Keypoints:
- Recently, Bombay High Court judgment had said that an act cannot be termed as sexual assault if there is no “skin-to-skin” contact.
- The apex child rights body in the country, NCPCR, asked the Maharashtra government on Monday to file an urgent appeal against the judgement.
On Monday, National Commission for Protection of Child Rights (NCPCR) asked the Maharashtra government to file an urgent appeal against the recent Bombay High Court (HC) judgement which stated that an act cannot be termed as sexual assault if there is no “skin-to-skin” contact.

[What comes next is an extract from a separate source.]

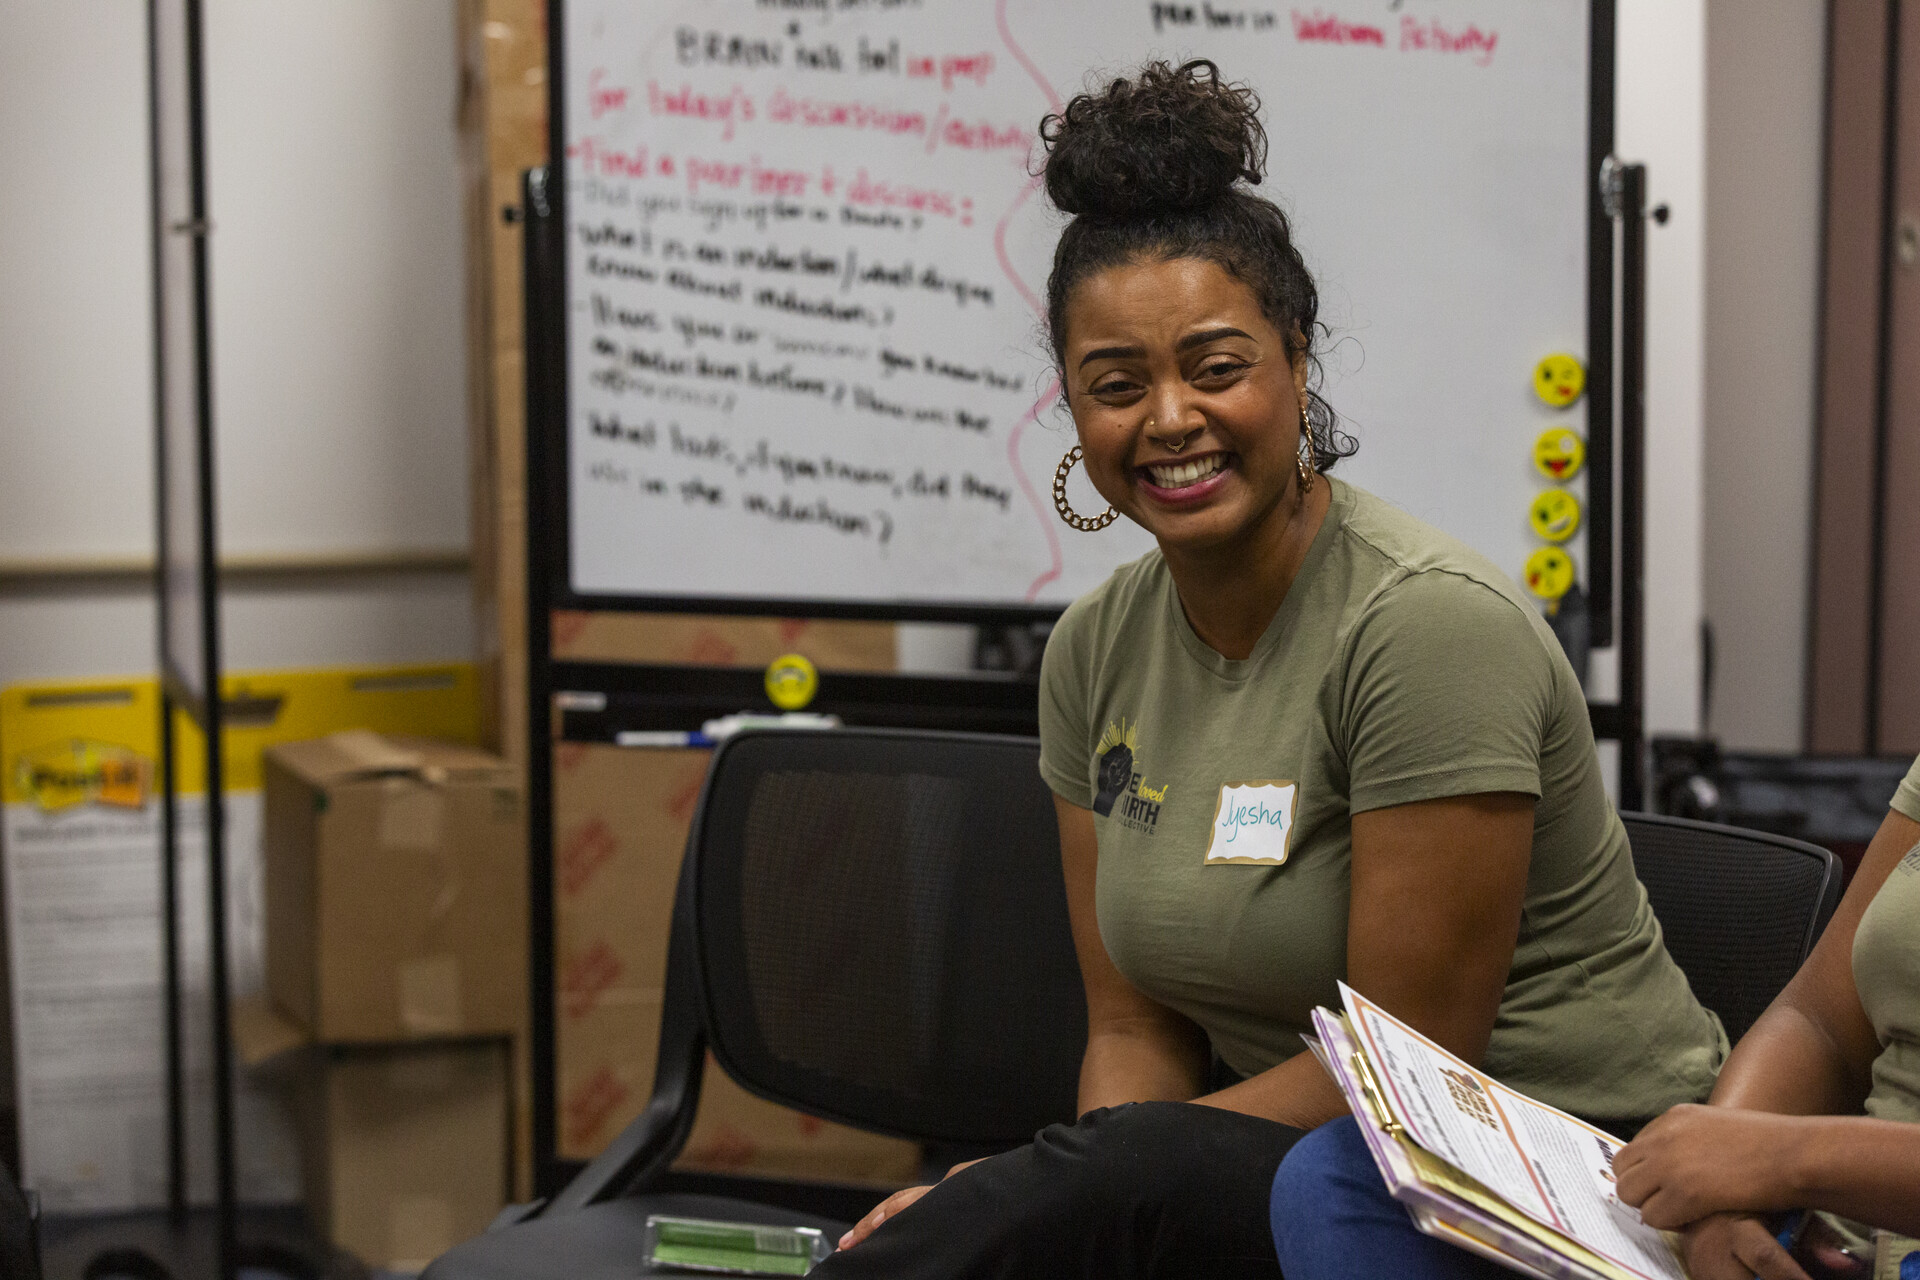 An African American woman smiles as she sits in front of a whiteboard with writing on it.

Drafting a letter to the Maharashtra Chief Secretary, NCPCR Chairperson Priyank Kanoongo said that the words “skin-to-skin with sexual intention without penetration” in the judgment need to be reviewed. She also added that the state should take note as it seems to be derogatory to the minor victim in the case.
“Considering the seriousness of the issue, the commission being the monitoring body under section 44 of the POCSO Act , 2012 requests you to take necessary steps in the matter and file an urgent appeal against the aforesaid impugned judgment of the Hon’ble High Court,” Kanoongo said.
On January 19, Justice Pushpa Ganediwala of the Nagpur bench of the Bombay HC stated that groping a minor’s breast without “skin-to-skin contact” cannot be called as sexual assault as defined under the Protection of Children from Sexual Offences (POCSO) Act.
“Evidently, it is not the case of the prosecution that the appellant removed her top and pressed her breast. The act of pressing of breast of the child aged 12 years, in the absence of any specific detail as to whether the top was removed or whether he inserted his hand inside the top and pressed her breast, would not fall in the definition of ‘sexual assault,” Justice Ganediwala was quoted in the report.